Only Jesus Christ was able to. His resurrection give us a complete
circle of events beginning with how He was born on this Earth to become man,
then was crucified to die for our sins, was buried like any man but rose on the
third day to defy His critics (1 Cor 15:3-4). The grave did not hold Him back
and neither could any of the Roman soldiers posted to protect His tomb. Today,
He lives and sits at the right hand of the Father in heaven:
“But our High Priest offered
Himself to God as a single sacrifice for sins, good for all time. Then He sat
down in the place of honour at God’s right hand.” (Heb 10:12, NLT)
The doubtless arisen Christ
For every Christian, without Christ’s resurrection, their
world comes unhinged. The Apostle Paul’s letter to the Corinthians spells this
out succinctly:
“And if Christ has not been raised, then all our preaching is useless
and your faith is useless. And we apostles would all be lying about God – for
we have said that God raised Christ from the grave. But that can’t be true if
there is no resurrection of the dead. And if there is no resurrection from the
dead, then Christ has not been raised. And if Christ has not been raised, then
your faith is useless and you are still guilty of your sins.”(1 Cor
15:14-17, NLT)
Without any shadow of doubt, an arisen Christ is important to our
faith for His resurrection defines why we’re uniquely called to be of service
to the Lord:
“So, my dear brothers and
sisters, be strong and immovable. Always work enthusiastically for the Lord,
for you know that nothing you do for the Lord is ever useless.” (1 Cor
15:58, NLT)
And because of the assurances that His resurrection offers us, we
are now more emboldened than ever possible to confront persecution, knowing
that by our endurance for Christ’s sake, we will inherit eternal life just like
the thousands and thousands of Christian martyrs throughout history before us.

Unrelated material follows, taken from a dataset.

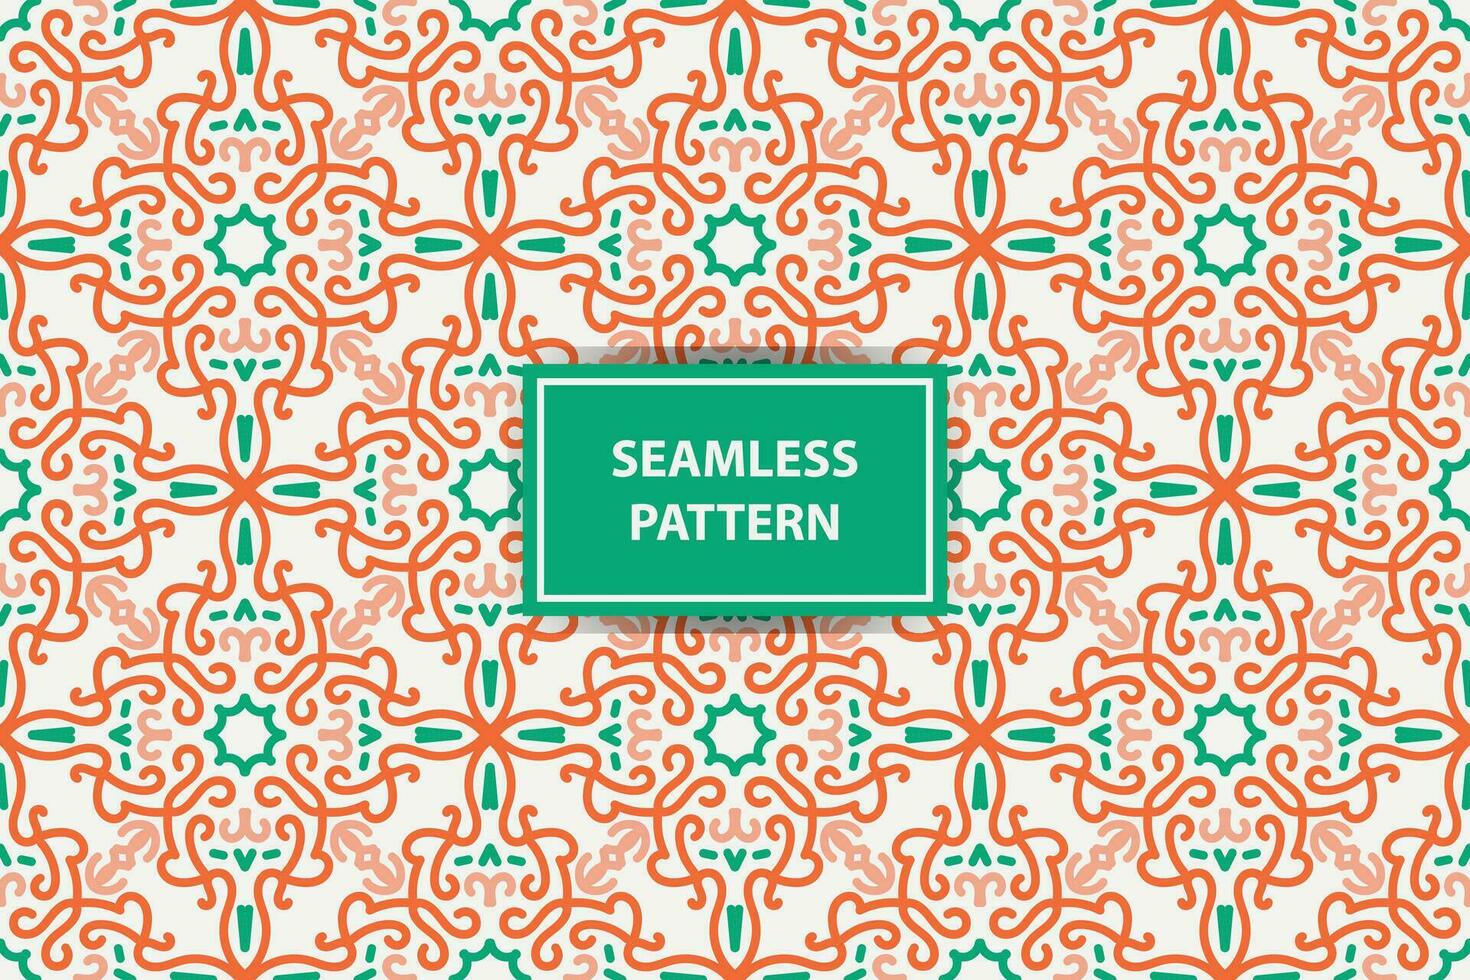 marockansk etnisk sömlös mönster design. aztec tyg matta mandala prydnad sparre textil- dekoration tapet. stam- Kalkon afrikansk indisk traditionell broderi vektor illustrationer bakgrund

They had given their lives on Earth with the knowledge that Christ’s resurrection
will be their source of eternal empowerment. And because of this, we possess
the guarantee that we will all rise again just like our Lord did.

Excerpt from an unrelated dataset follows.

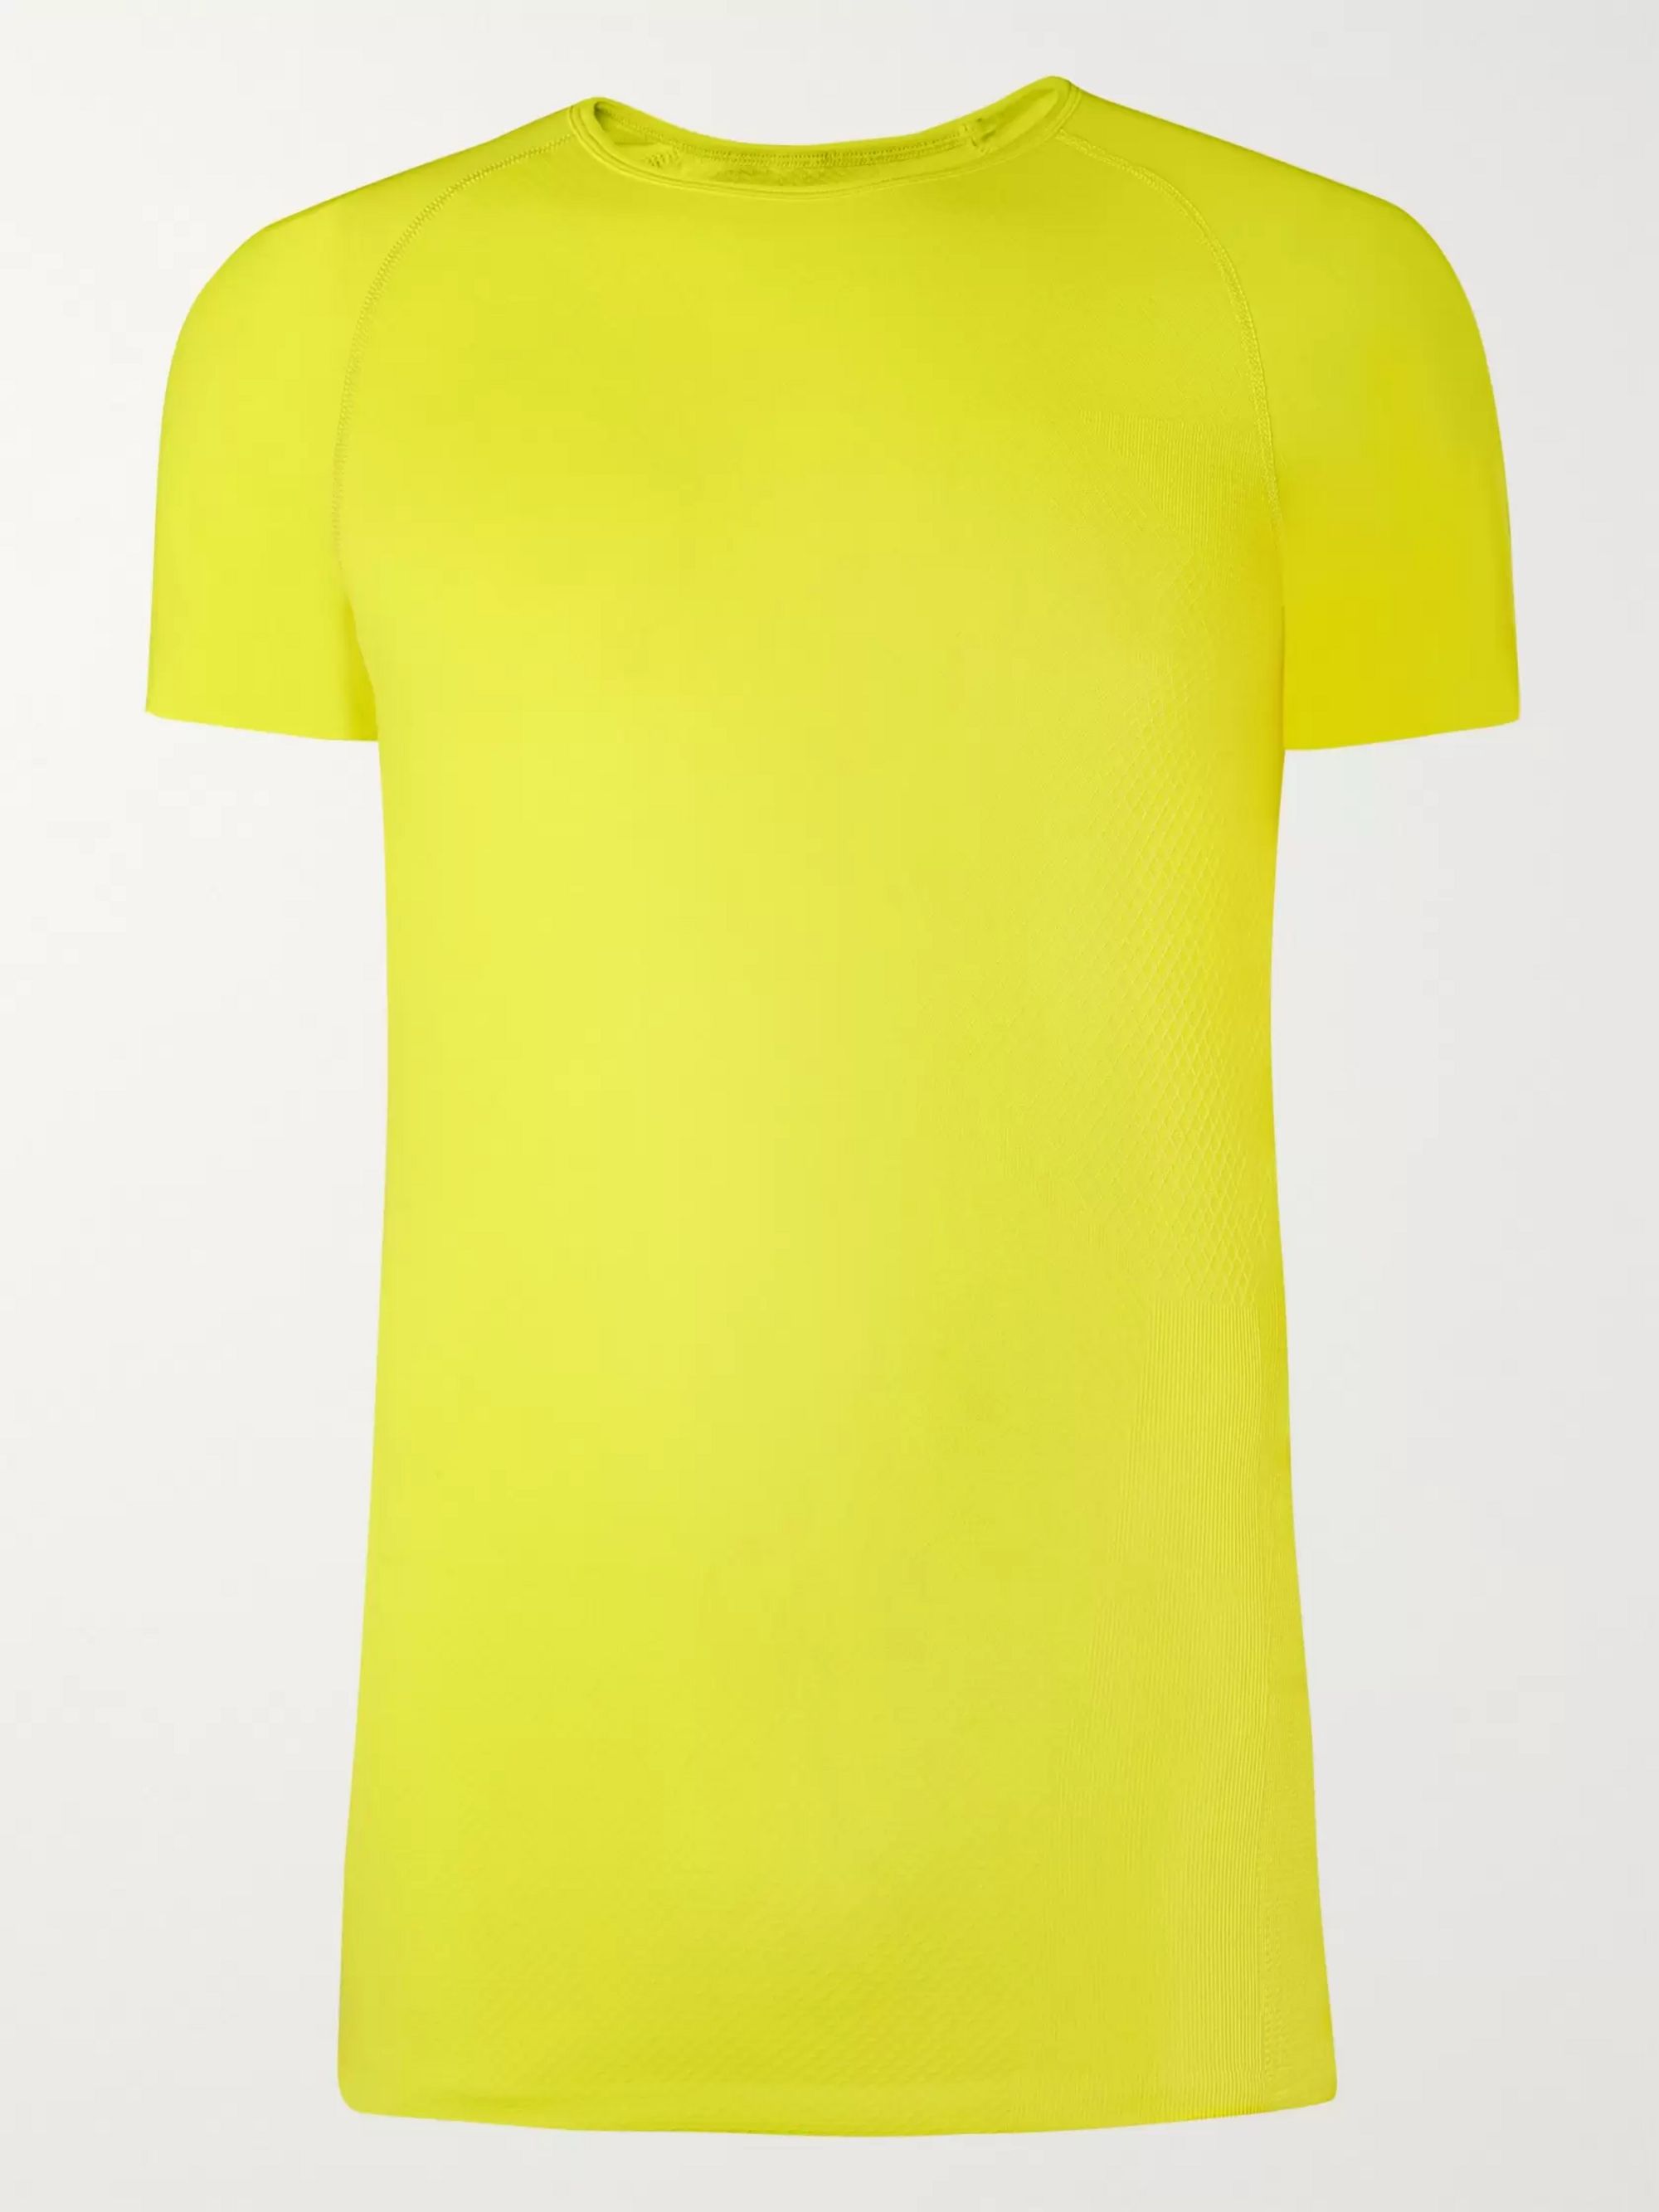 yellow jersey shirt

So why is Christ’s resurrection so important that till today,
detractors of our faith continue to try to tear us down? Why are there still so
many who want to prove that it never happened but they just can’t? Why do they
go to such an extent? Why?
Because His resurrection simply proves who He truly is, the Son of
God, the Messiah, the only One who saves. His resurrection is the clearest proof that Jehovah and no one
else has the power to raise us from the dead. It further proves that unless you
accept Jesus Christ as your Saviour, you won’t be among the bodies of those who
will not remain dead but be forever arisen unto a life eternal.